Tools of the Trade
Do you consider objectivity to be a principle to abide by, or a tool to be used and discarded?
Modern discourse presents a quiet but consequential split, that God is treated as a matter of personal belief, while objectivity is treated as a technical method. One is placed in the realm of feeling and identity; the other is confined to laboratories, data, and measurable systems. This may be a thought that has never crossed your mind. To some, this division may appear practical, allowing people to hold private beliefs while maintaining public standards of evidence. But beneath that surface, it produces a foundational dissonance. It separates the very idea of truth from any stable foundation, while simultaneously preserving the appearance of objectivity where it is most useful.
To see the issue clearly, we have to begin with a simple question: what makes anything true in a way that is not dependent on opinion? For truth to exist in a meaningful sense, it must be anchored in something that does not shift with perspective. If what is true today can become false tomorrow based solely on preference, then truth is no longer truth, it is merely consensus or convenience. This applies not only to scientific facts, but to knowledge as a whole, including moral claims, judgments, and principles of justice. Coherence across all of these domains requires a reference point that is not derived from individuals, not dependent on agreement, and not subject to change.
This is where the concept of objectivity becomes indispensable. In modern Western thought, objectivity is typically defined as the ability to make judgments that are free from personal bias, perspective, or subjective influence. It implies that a claim is true regardless of who observes it, provided the same conditions are met. This definition is useful, but it is often treated as procedural, as if objectivity is simply a method for filtering out bias.
A deeper analysis reveals that this procedural definition already depends on a more fundamental structure. For objectivity to exist in the way it is commonly described, it must satisfy a set of conditions that are rarely stated explicitly but are always assumed.
First, objectivity needs singularity: there cannot be multiple, conflicting objective truths about the same thing under the same conditions, otherwise it is bias. Second, it must be universal: what is objectively true must hold regardless of who observes it. Third, it must be independent: it cannot depend on individual minds or collective agreement. Fourth, it must be invariant: it does not change across time or context in a way that undermines its stability. Fifth, it must be non-derived: it cannot be constructed from subjective inputs, because that would reintroduce the very variability it is meant to eliminate. And sixth, it must be external: it must exist outside the system of perspectives it governs, rather than emerging from within them, reducing to circularity.
These are not arbitrary additions, they are the very conditions that make objectivity possible. What becomes clear is that the standard Western definition of objectivity and these six conditions are not competing ideas, they are the same concept viewed at different depths. The familiar Western definition describes how objectivity operates in practice, while these conditions describe what must be true for that function to be coherent at all. Without these underlying properties, the procedural use of objectivity would collapse into inconsistency.
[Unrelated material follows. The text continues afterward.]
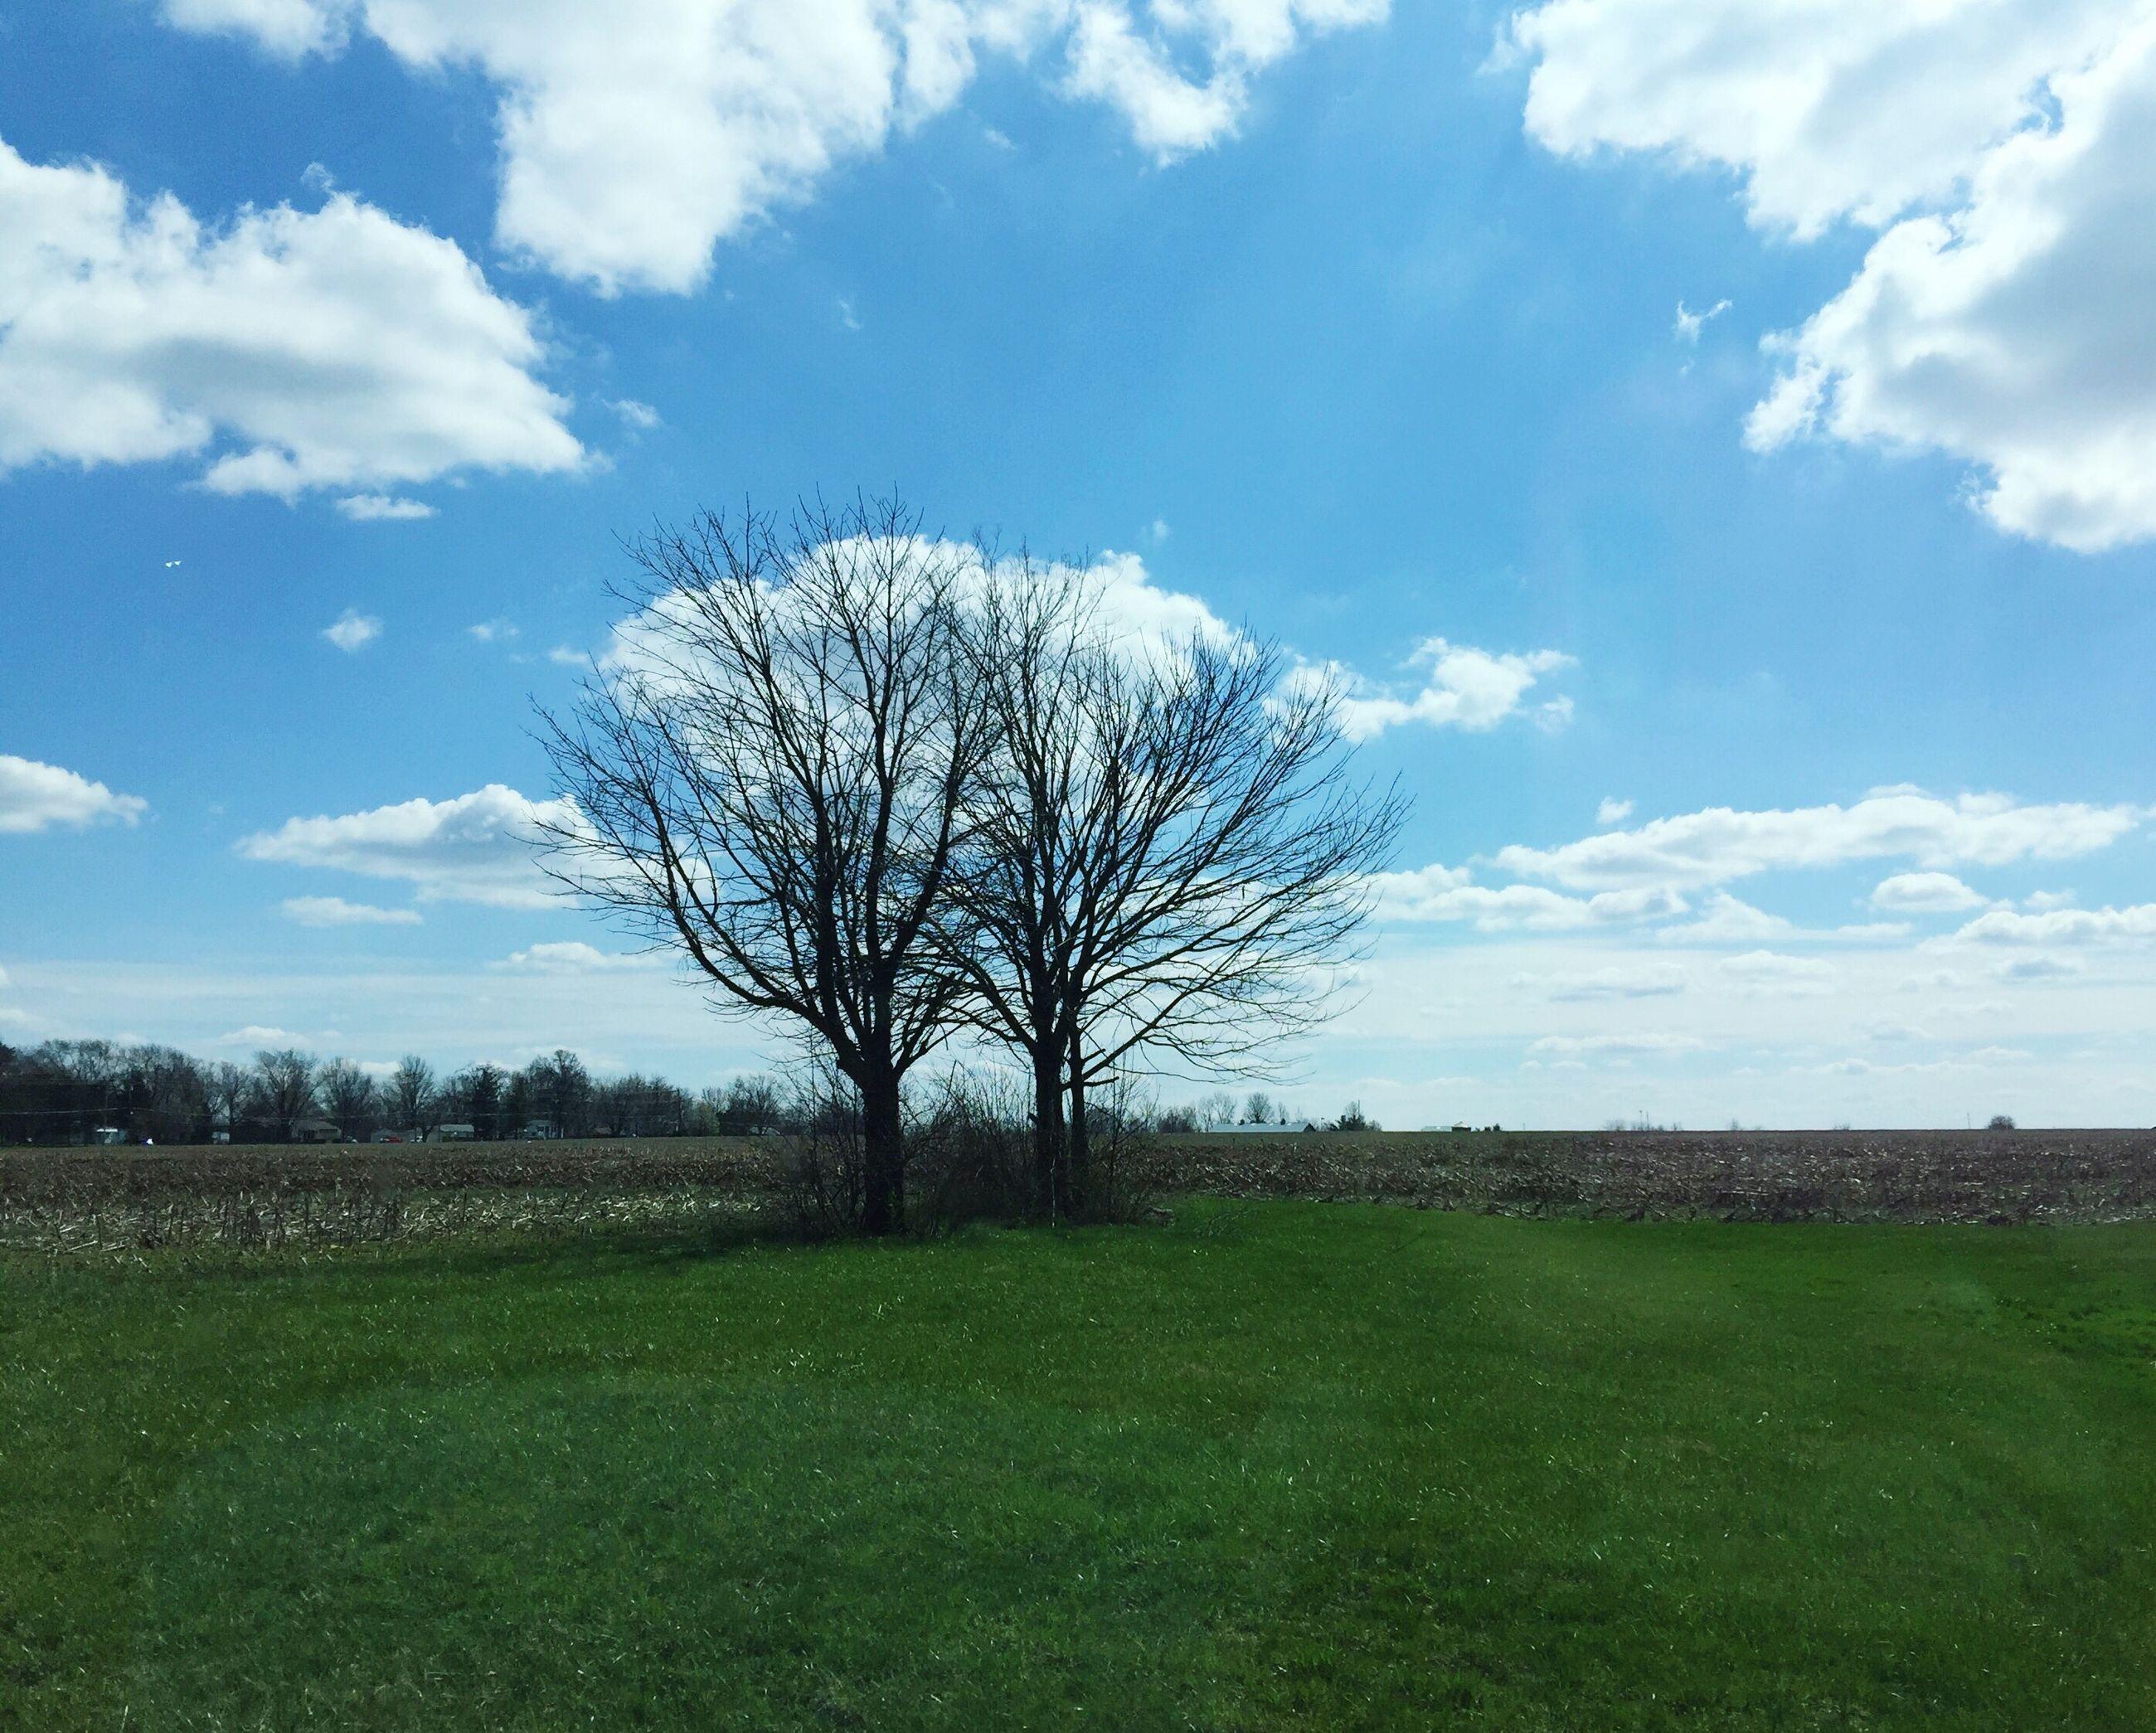 grass, tree, field, bare tree, tranquil scene, sky, landscape, tranquility, scenics, beauty in nature, nature, grassy, branch, cloud - sky, growth, cloud, single tree, rural scene, non-urban scene, solitude

Once this is recognized, the scope of objectivity can no longer be limited to a method of inquiry; it naturally raises a deeper question about what must be true for reality itself to make sense. If the six conditions of objectivity are taken seriously at this level, they are no longer just rules for checking claims—they define what is necessary to ground truth in the first place. They rule out anything that is dependent, internally generated, or constructed from within the system, because anything like that would reintroduce instability into the very thing objectivity is supposed to secure.
What this leaves us with is not a visible object we can point to or measure, but a necessary requirement: there must be something stable and independent that makes coherence possible. This cannot be something within the system of observation itself, because anything we observe or measure is already part of what needs explaining. It has to be external to it—not as another object among objects, but as the basis that allows objects, measurements, and reasoning to remain consistent in the first place.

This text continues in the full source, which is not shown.